Inside a Family’s Geodesic Dome Home in the Arctic Circle

Inside a Family’s Geodesic Dome Home in the Arctic Circle

Solar power helps heat the home’s interior and garden.

In the winter of 2013, an adventurous Norwegian family moved into a custom glass-enclosed home on the island of Sandhornøya, located in Norway’s Nordland County just above the Arctic Circle.

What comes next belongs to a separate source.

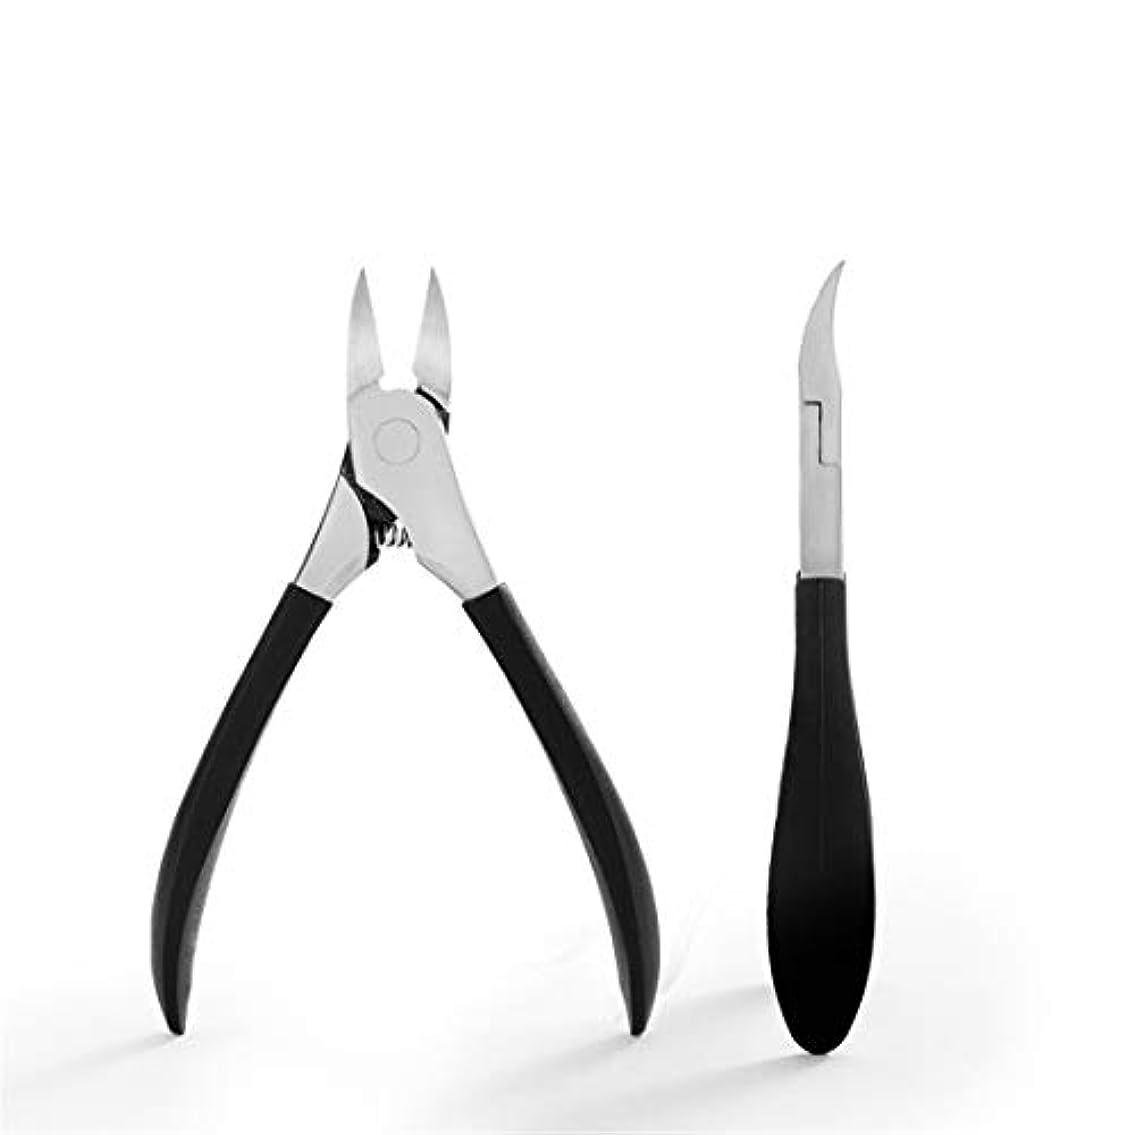 ゼロマスタードデザイナー爪切り ニッパー 巻き爪 大きい爪ヤスリとゾンデ 爪飛び散り防止カバー付き

Since then, the Hjertefølgers have thrived in the eco-friendly abode, growing their own food—including apples, plums, squash, and kiwis—and even adding a sixth member.

Named Nature House, the five-bedroom, two-bathroom home comprises a hand-built interior structure covered by a massive glass dome measuring nearly 50 feet in diameter.

glass geodesic structure

The glass geodesic structure designed by Solardome was erected in just three weeks, and incorporates solar panels for power.

Nature House Garten

Once the dome was up, the Hjertefølgers and their friends and family built the 2,000-square-foot inner dwelling from a mixture of clay, sand, water, and plant materials.

The glass dome protects the interior from harsh Arctic conditions, but Ingrid Hjertefølger tells Inhabitat that if they were to do it all over again, she’d prefer to use double-pained glass so they could have a better seal and tropical garden.

glass geodesic

Overall, the family is plenty pleased with their sustainable home. “The house works as we intended and planned,” Hjertefølger reflected.